**DATA BELOW:**
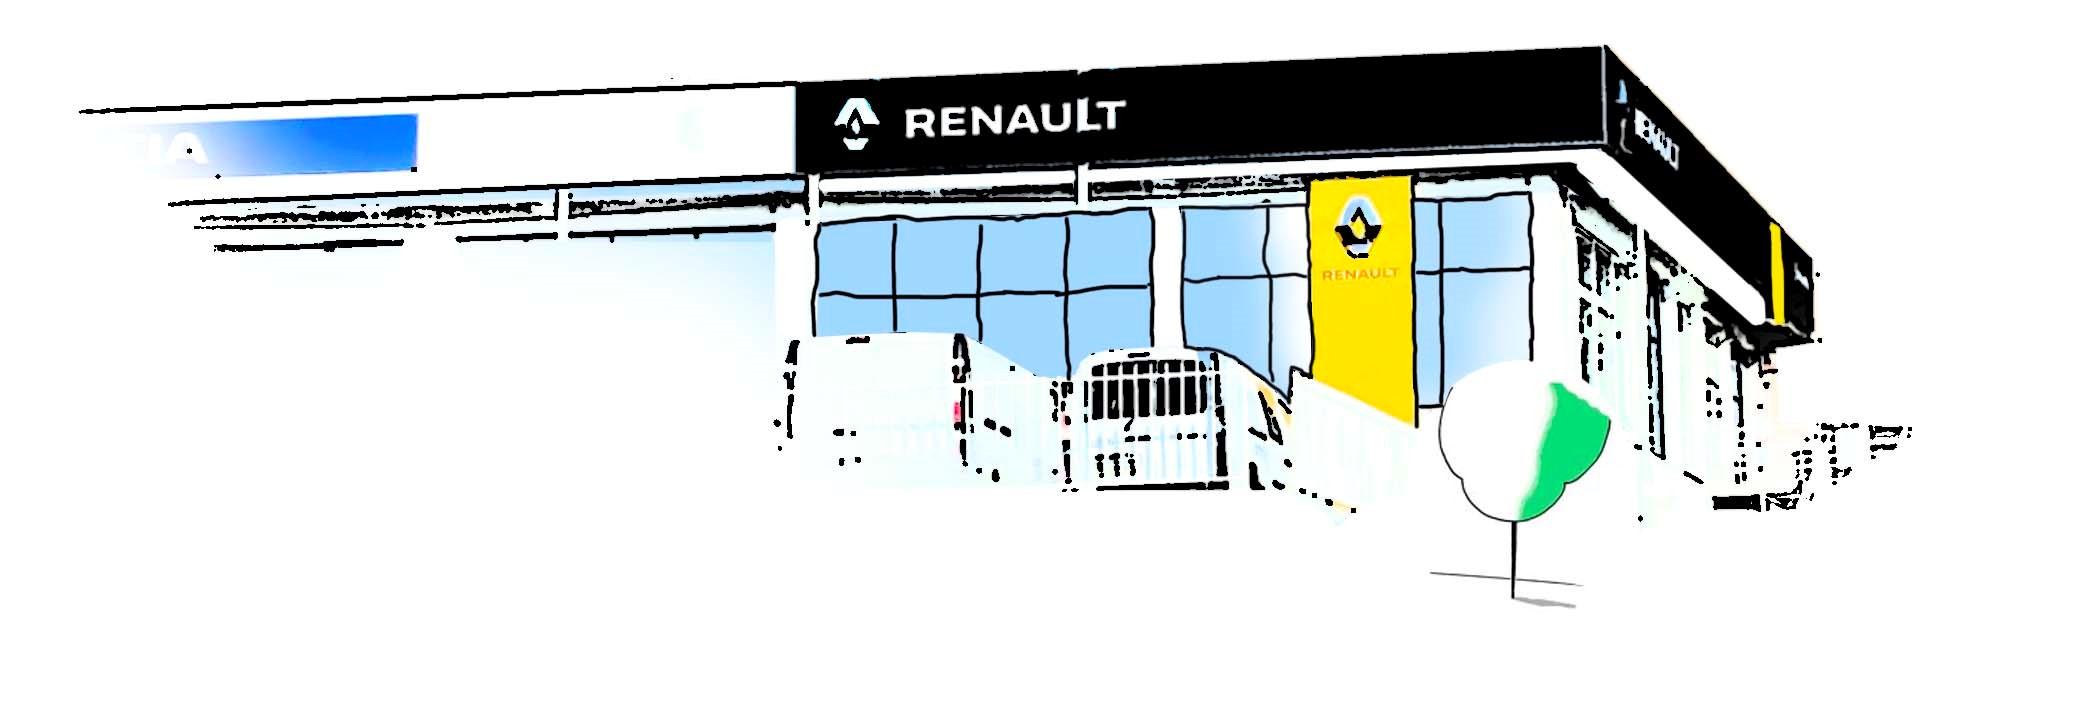 autonet • Renault navodno sprema električni Twingo
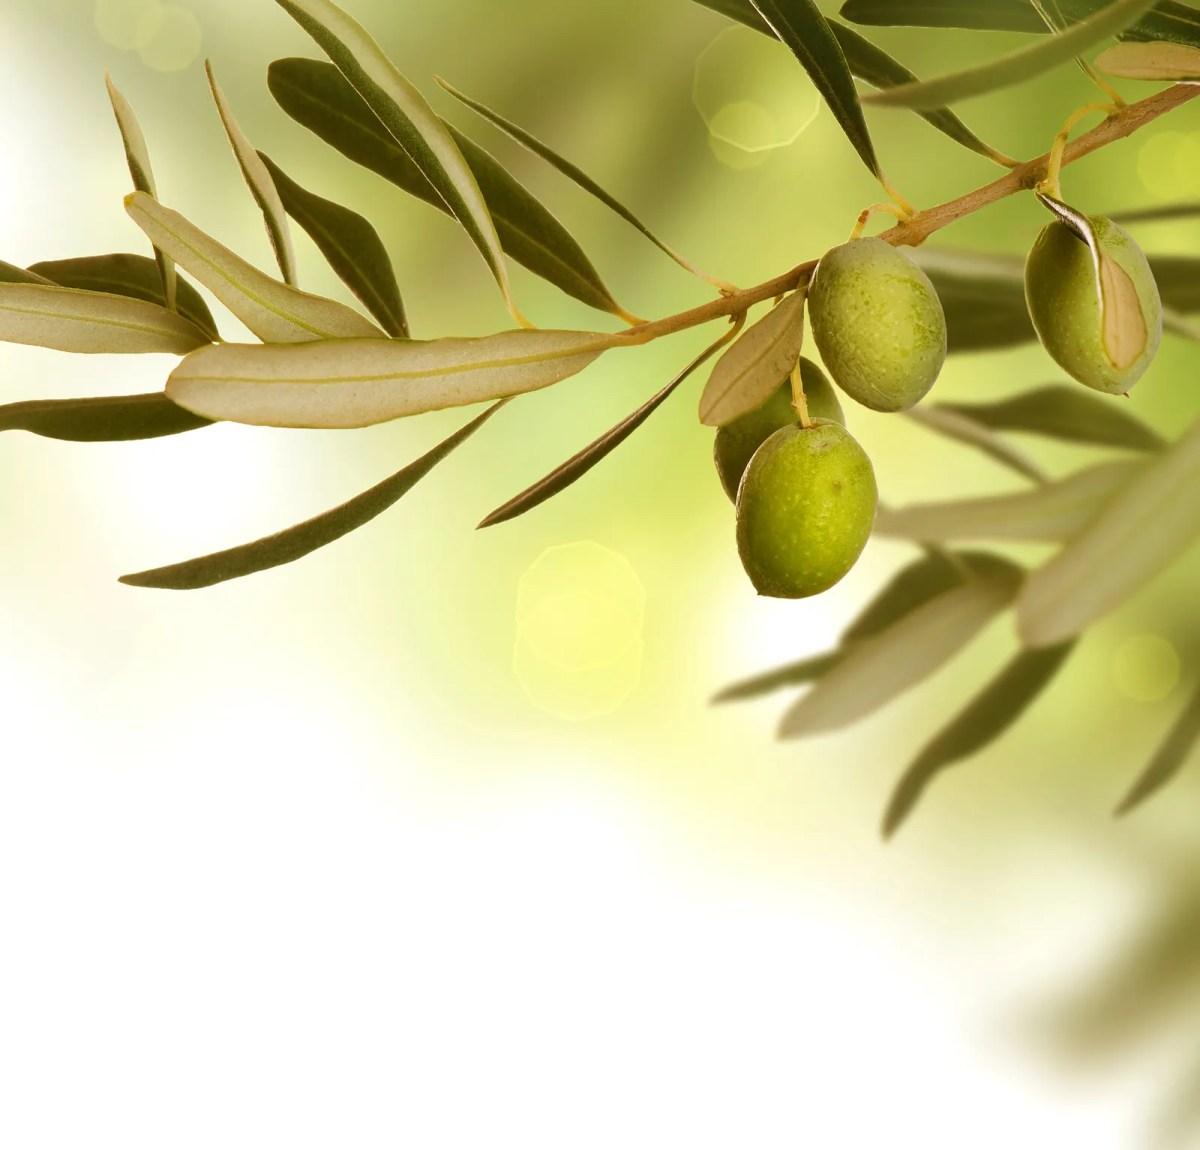 Olivenblade - E - Coli og Salmonella - Nej Tak!
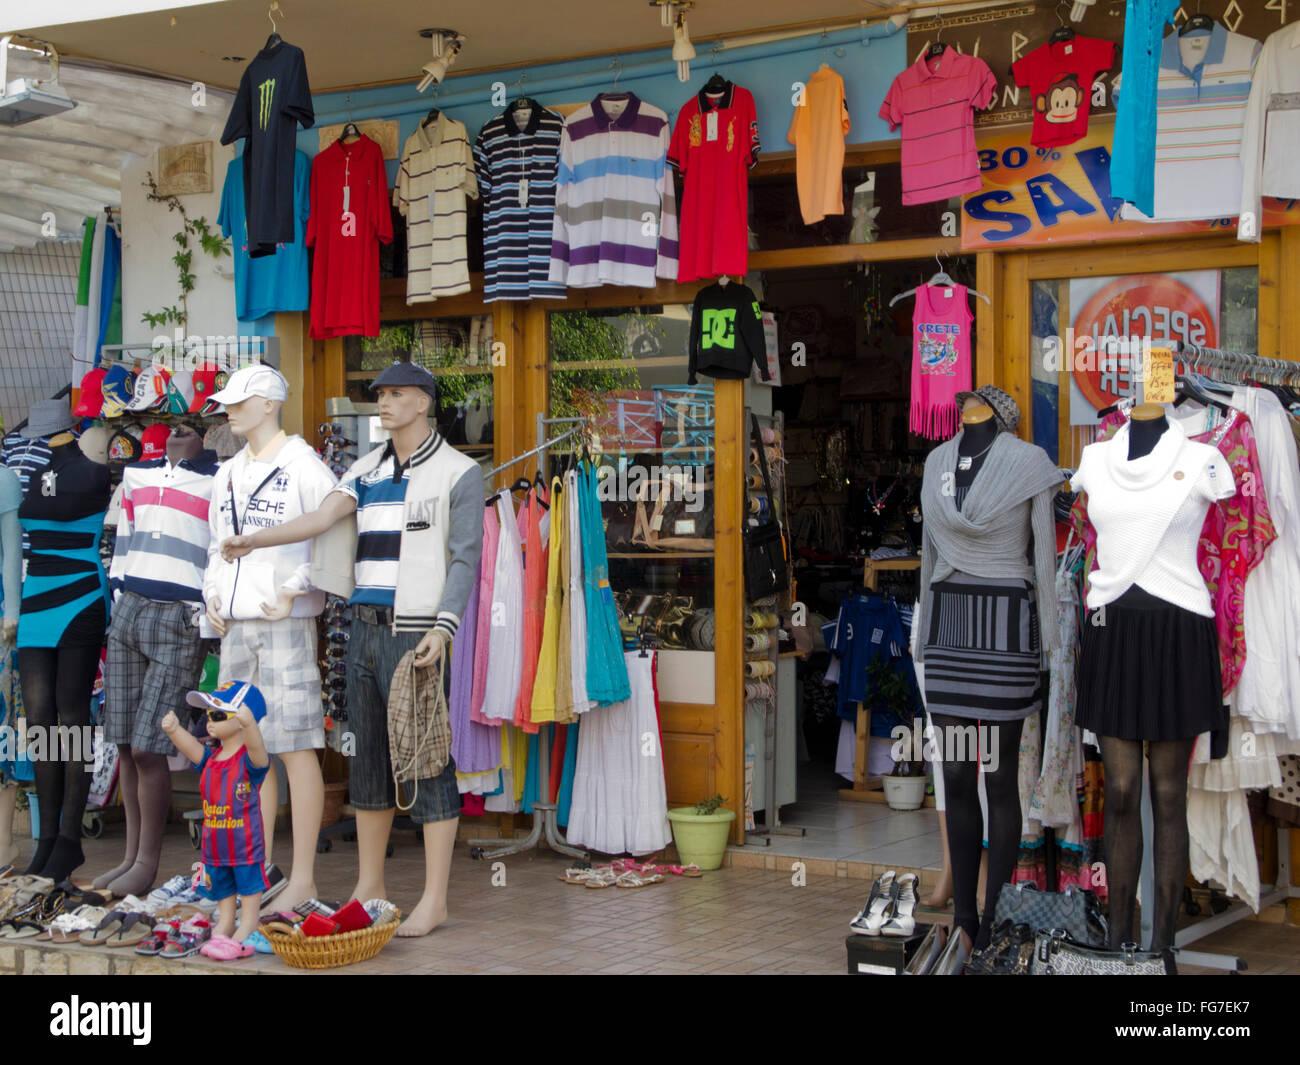 Griechenland, Kreta, Piskopiano bei Chersonissos, Touristenbedarf - Stock Image
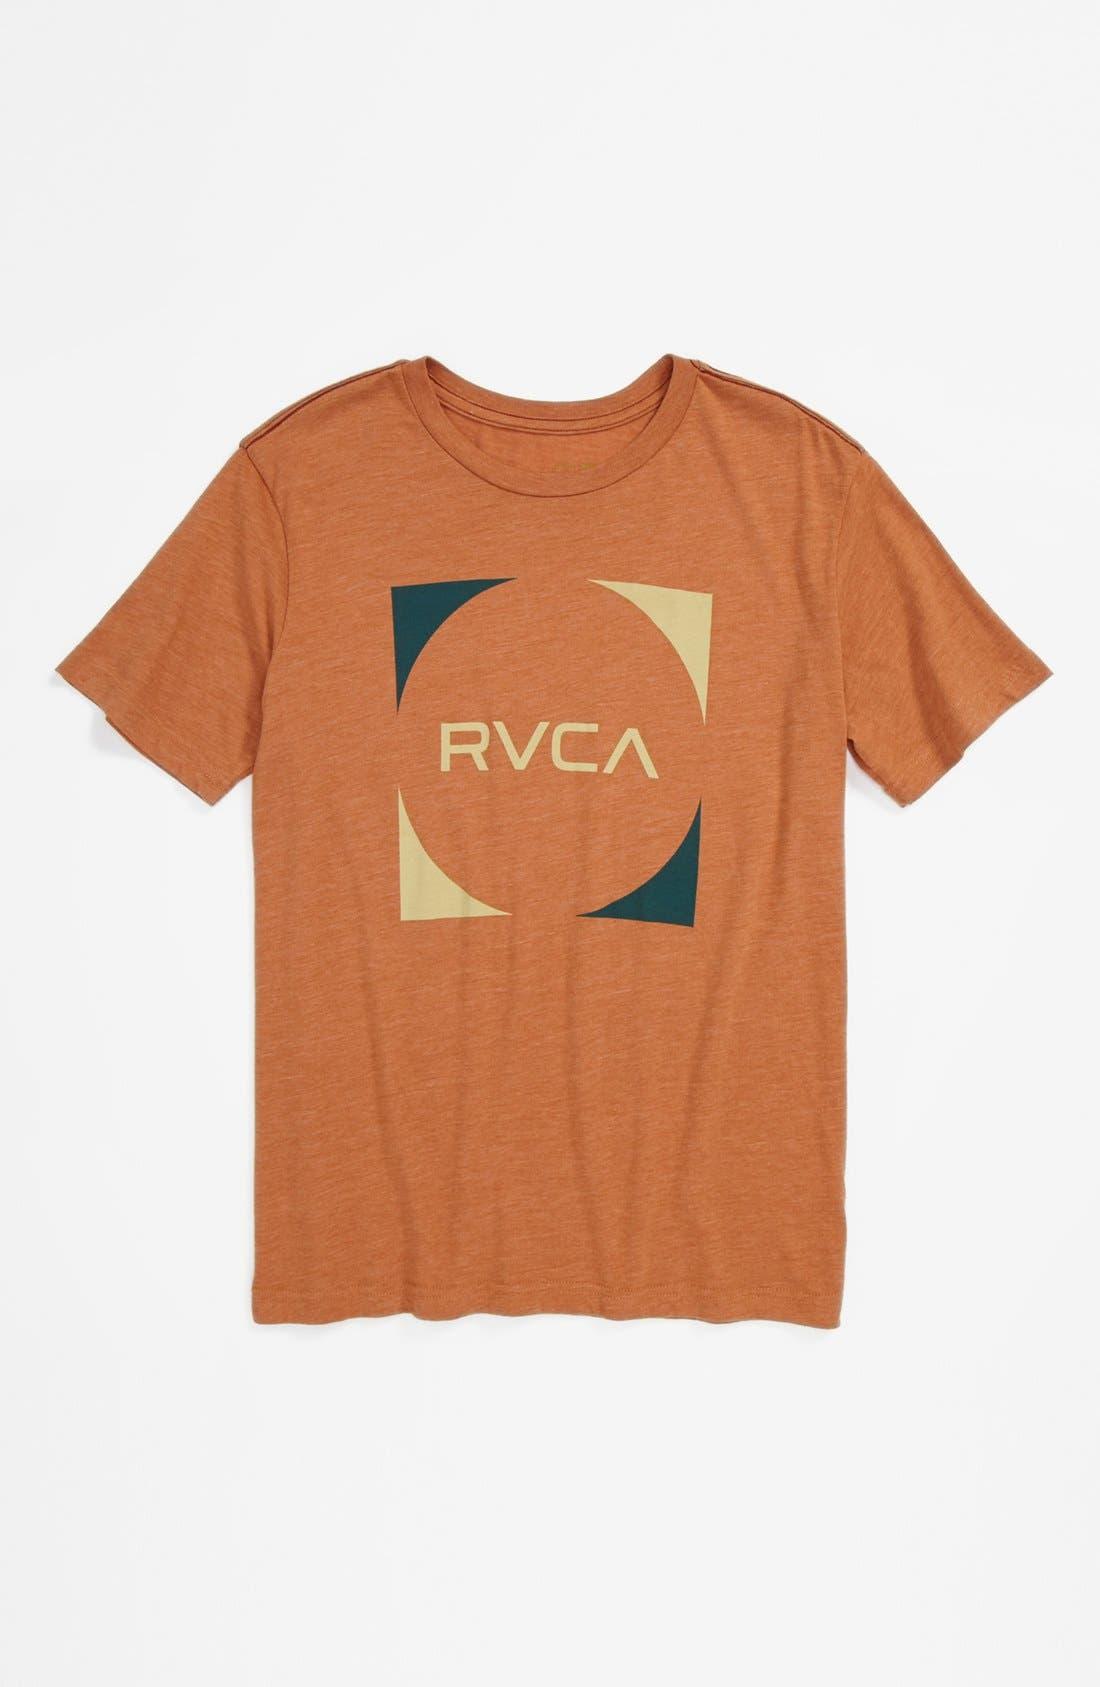 Main Image - RVCA 'Baller' T-Shirt (Big Boys)

**WHAT THIS TASK INVOLVES:**
Please write out, exactly, every line from the line with "Griechenland, Kreta, Piskopiano" through the final line of the data above, leaving out pictures.

**SOLUTION FOR THIS PROBLEM:**
 Griechenland, Kreta, Piskopiano bei Chersonissos, Touristenbedarf - Stock Image
 Main Image - RVCA 'Baller' T-Shirt (Big Boys)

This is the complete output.